Video: Tribeca Traffic Island Is Setting for 9/11 Remembrance, Indian Style
On a Franklin Street traffic triangle, Parul Shah performs a prayer dance, backed by singers Ritesh and Rajnish Mishra, and Naren Budhakar on percussion. Shah dances in the North Indian style of Kathak, which combines elements of both Muslim and Hindu cultures. Photo: Carl Glassman/Tribeca Trib
Of the many 9/11 tributes and commemorative ceremonies that took place on Monday, none looked or sounded like the brief performance on a traffic island in Tribeca.
Beginning at 8:46 a.m., the time of the attack on the World Trade Center’s North Tower, the plaintive sounds of two Delhi-based singers rang out beside the steps to the Franklin Street subway station. Dancer Parul Shah joined the singers, brothers Ritesh and Rajnish Mishra, and percussionist Naren Budhakar, to offer a solemn backdrop of classical Indian dance and music to the morning rush around them.

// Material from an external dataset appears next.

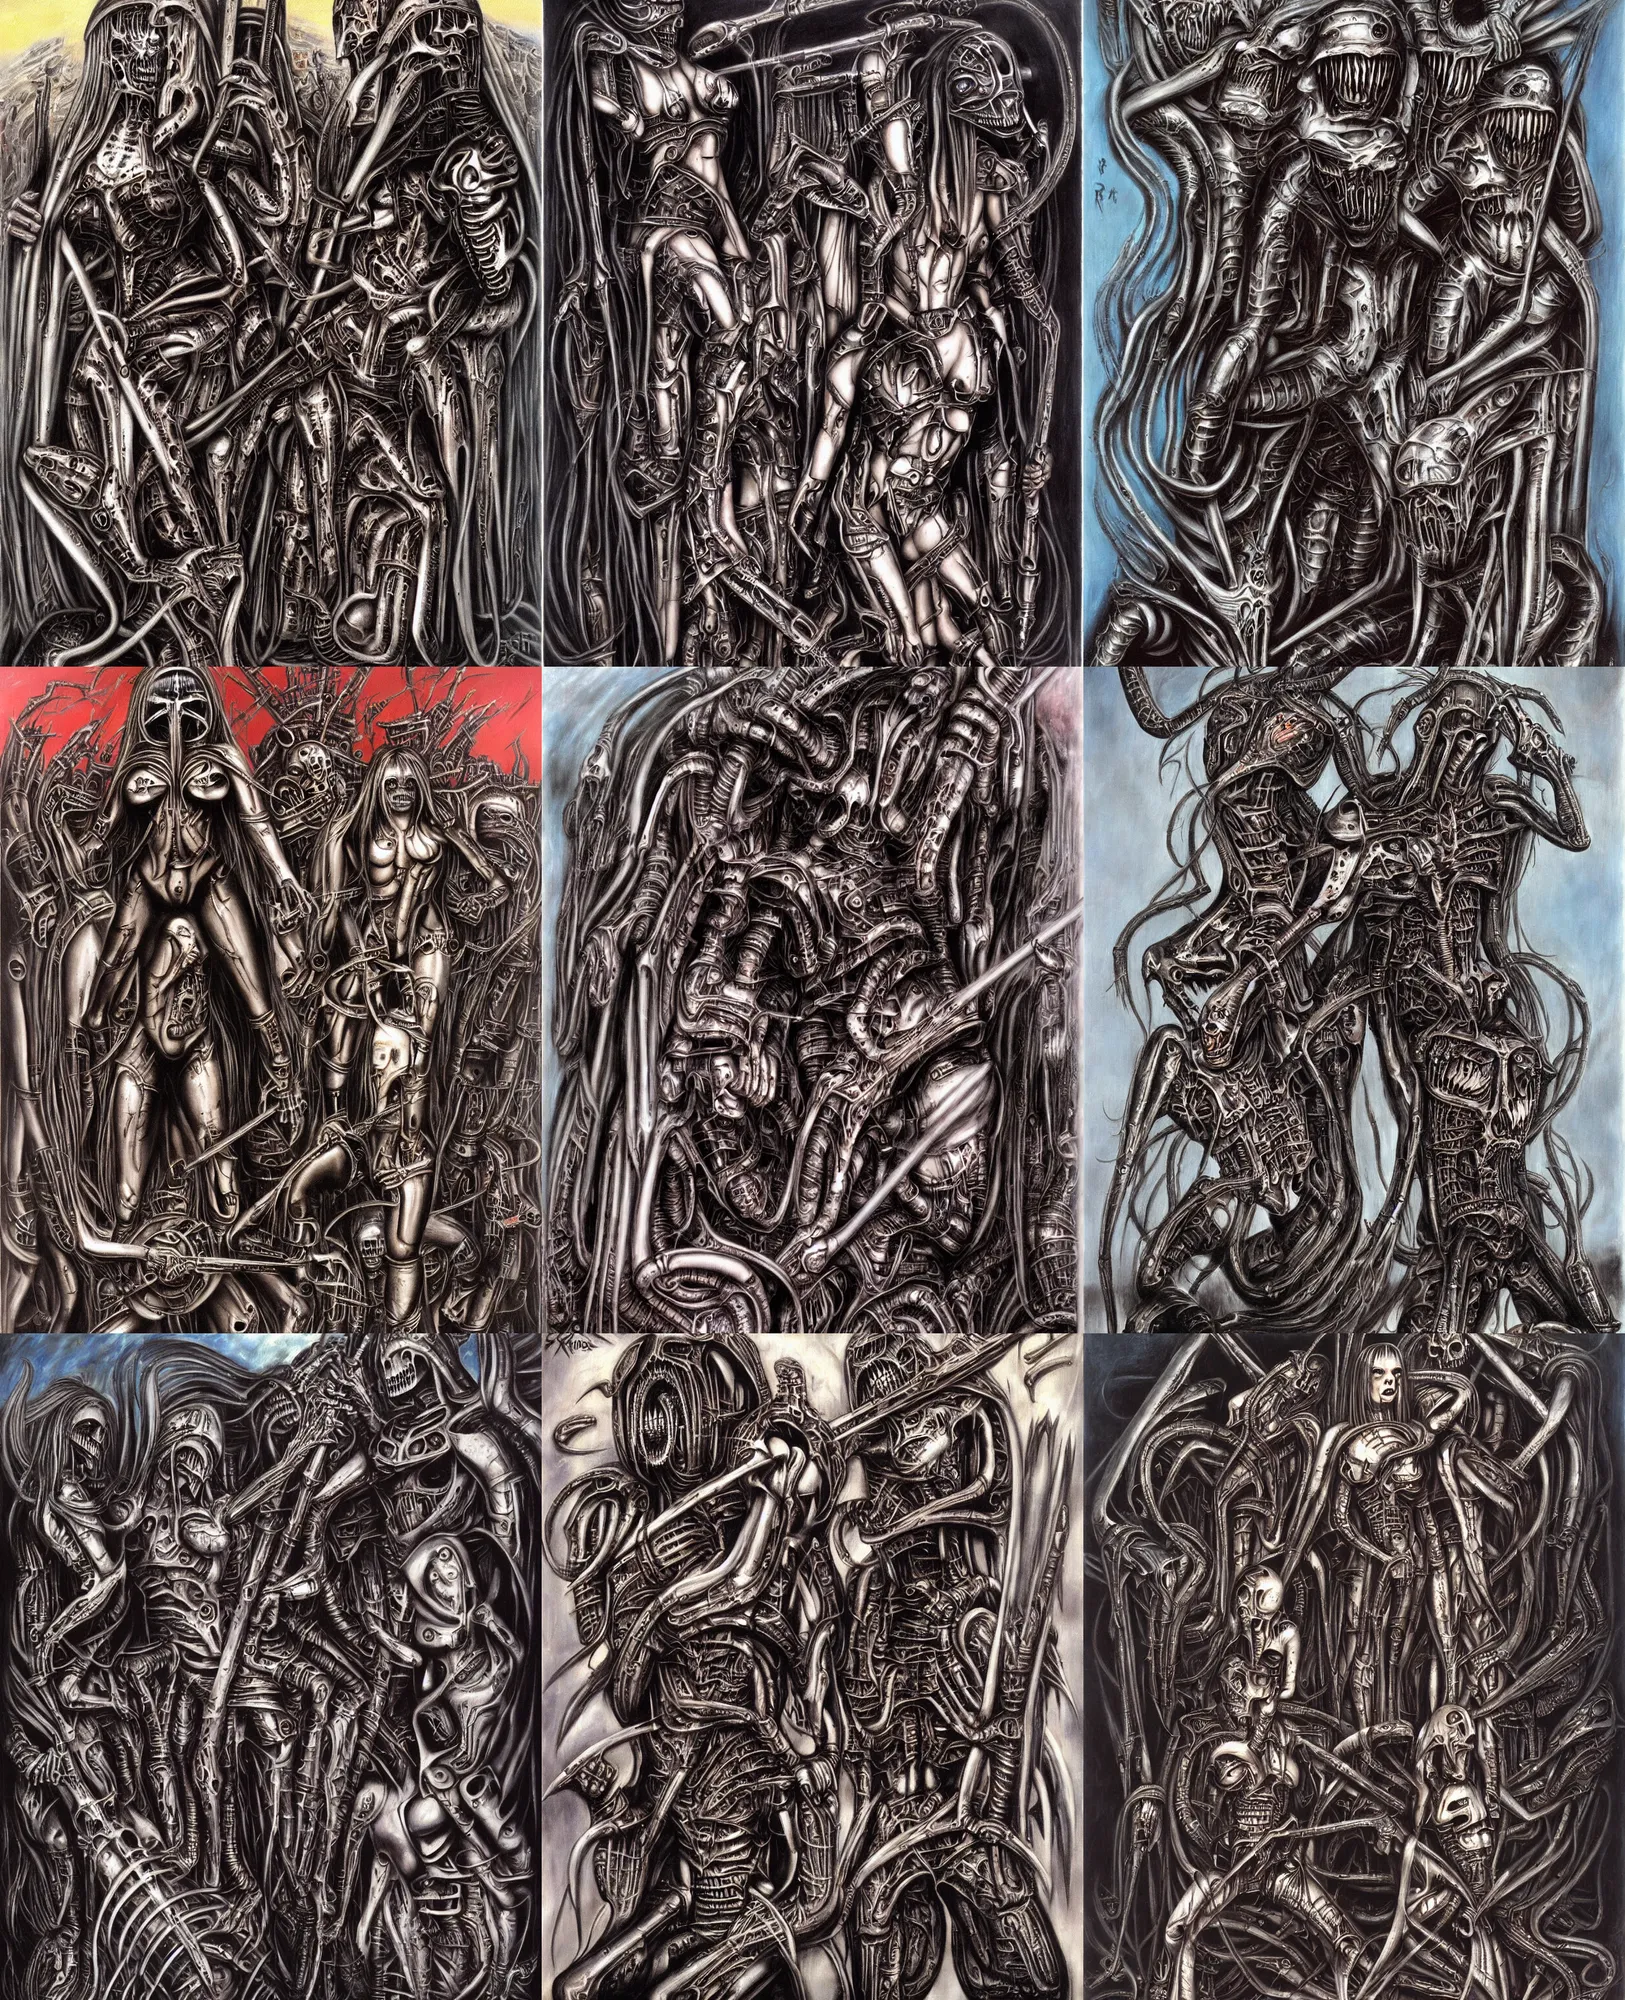 Prompt: iron maidens eddie painted by h. r. giger, very heavy metal, vivid, cool, powermetal

The music, a Hindustani classical mode known as a raga, may be unfamiliar to Western ears, but not the emotion that it conveys, said Rajnish Mishra. “We are just spreading peace through music,” he said. “Actually, music can’t be understood, but felt.”
“It’s kind of full circle,” Parul Shah said of her performance. The daughter of the owners of the former Tribeca restaurant Salaam Bombay, on Greenwich Street, Shah had a dance studio in the restaurant basement, blocks from the Twin Towers when they fell.
“This has really been home for us, and to be able to come here and to give a memorial performance is really important to me,” she said. “Hopefully, this little prayer dance can create an atmosphere of peace for a better future.”
This was the third September 11 performance that Jonathan Hollander, founder and artistic director of the Tribeca-based Battery Dance Company, has staged on the traffic island. The first dance, performed by Tadej Brdnik, took place two weeks after the attacks, when Tribeca was still in a “frozen” security zone. On the 20th anniversary, Hollander brought Brdnik back to dance with the current company.
Hollander has a long history with the Mishras. He called their late father and their uncle “two of the most revered artists of their generation,” who he had worked with for many years. In 1999, Hollander presented all four of the Mishras in a performance on the World Trade Center plaza.
“Now we are back and it’s a good feeling,” Rajnish said.
For his part, Hollander, a veteran of outdoor concerts, had worried about rain. “But the skies cleared, their voices soared and Parul brought life and energy through dance,” he said. “So for me, it was a cathartic moment.”